Referências verificadas em bases indexadas (PubMed) antes da publicação. O texto resume os achados de forma acessível; a leitura dos estudos originais é recomendada para o aprofundamento técnico.

Perguntas frequentes

Viscossuplementação funciona no tornozelo?

Os estudos disponíveis não mostraram o ácido hialurônico superior à solução salina no tornozelo (DeGroot et al., 2012; Paget et al., 2023). Por isso, nessa articulação, não é a primeira escolha do arsenal terapêutico — quando considerada, é uma decisão individual, caso a caso.

Quanto tempo dura o efeito?

Não há um número único válido para todos os casos.

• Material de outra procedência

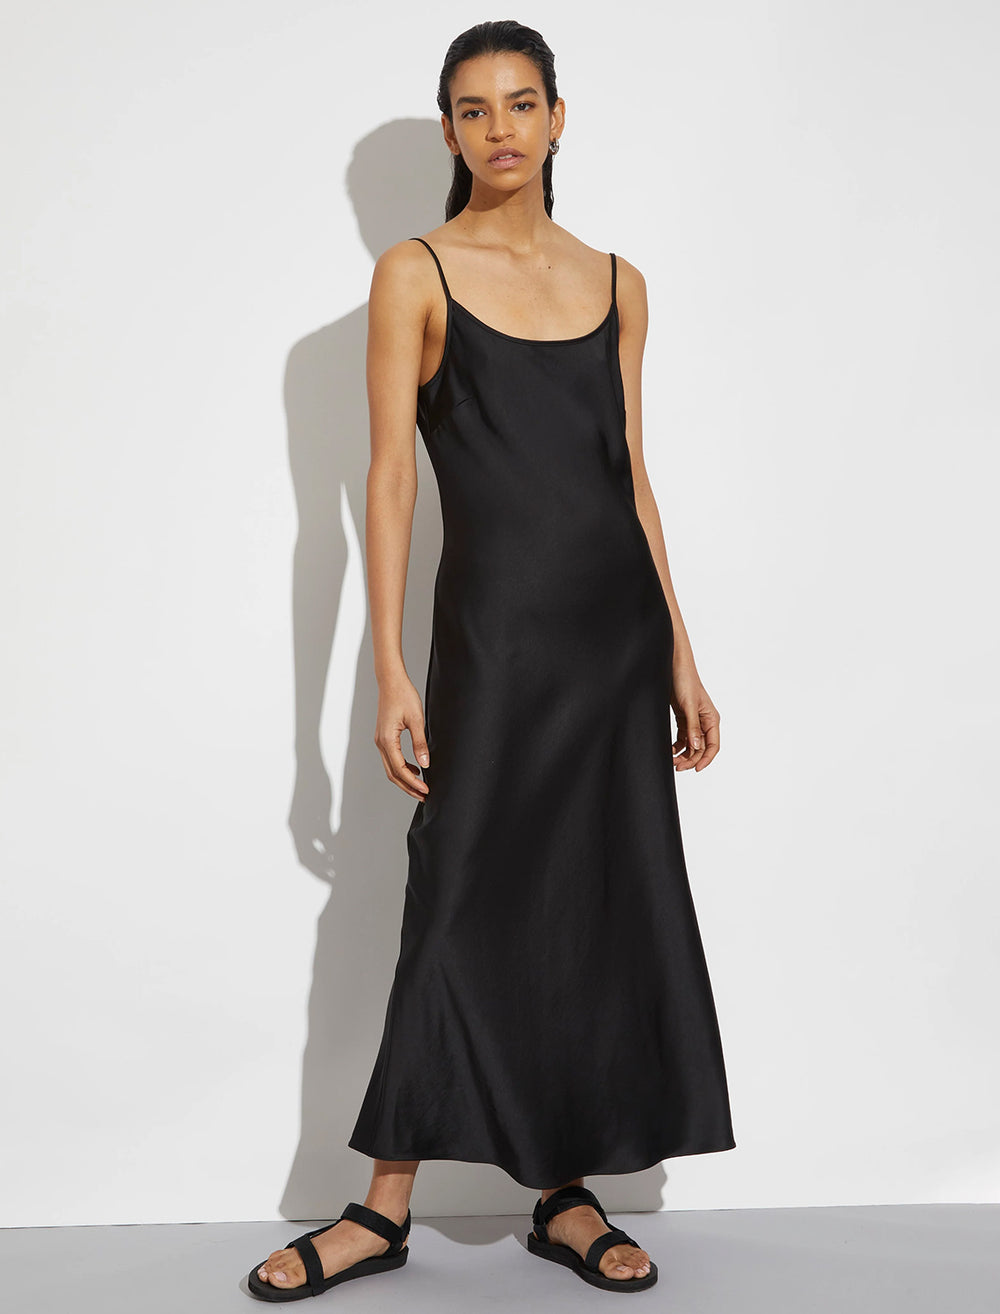 Model wearing Saint Art's haley slip dress in black.

A duração observada nos estudos varia conforme a articulação, o estágio da artrose e a resposta individual — por isso não prometo um prazo fixo antes da avaliação; a reavaliação em consulta acompanha essa resposta ao longo do tempo.

Viscossuplementação é melhor que corticoide?

Não existe uma resposta genérica de "melhor". As duas opções têm perfis diferentes de segurança e de resposta, e a escolha entre elas — ou o uso combinado ao longo do tempo — é uma decisão individual, discutida na avaliação conforme o seu quadro.

Dói? Posso andar ou trabalhar depois?

É esperado algum desconforto local nas primeiras 24 a 48 horas após a aplicação, além de uma possível piora transitória da dor ou do inchaço nos primeiros dias — um efeito comum, não um sinal de falha. O retorno às atividades habituais costuma ser rápido.

Quantas aplicações são necessárias?

Uma revisão sistemática não encontrou diferença consistente entre esquemas de aplicação única e de múltiplas aplicações, e protocolos de 5 injeções não superaram os de 3 (McElheny et al., 2019). O número exato é definido caso a caso, na avaliação.

Quando a viscossuplementação não é indicada?

Não costumo indicar como primeira resposta a uma dor articular recente, em artrose muito avançada esperando reconstrução da cartilagem, ou como primeira escolha no tornozelo. Infecção ativa no local e alergia a componentes do produto também contraindicam o procedimento.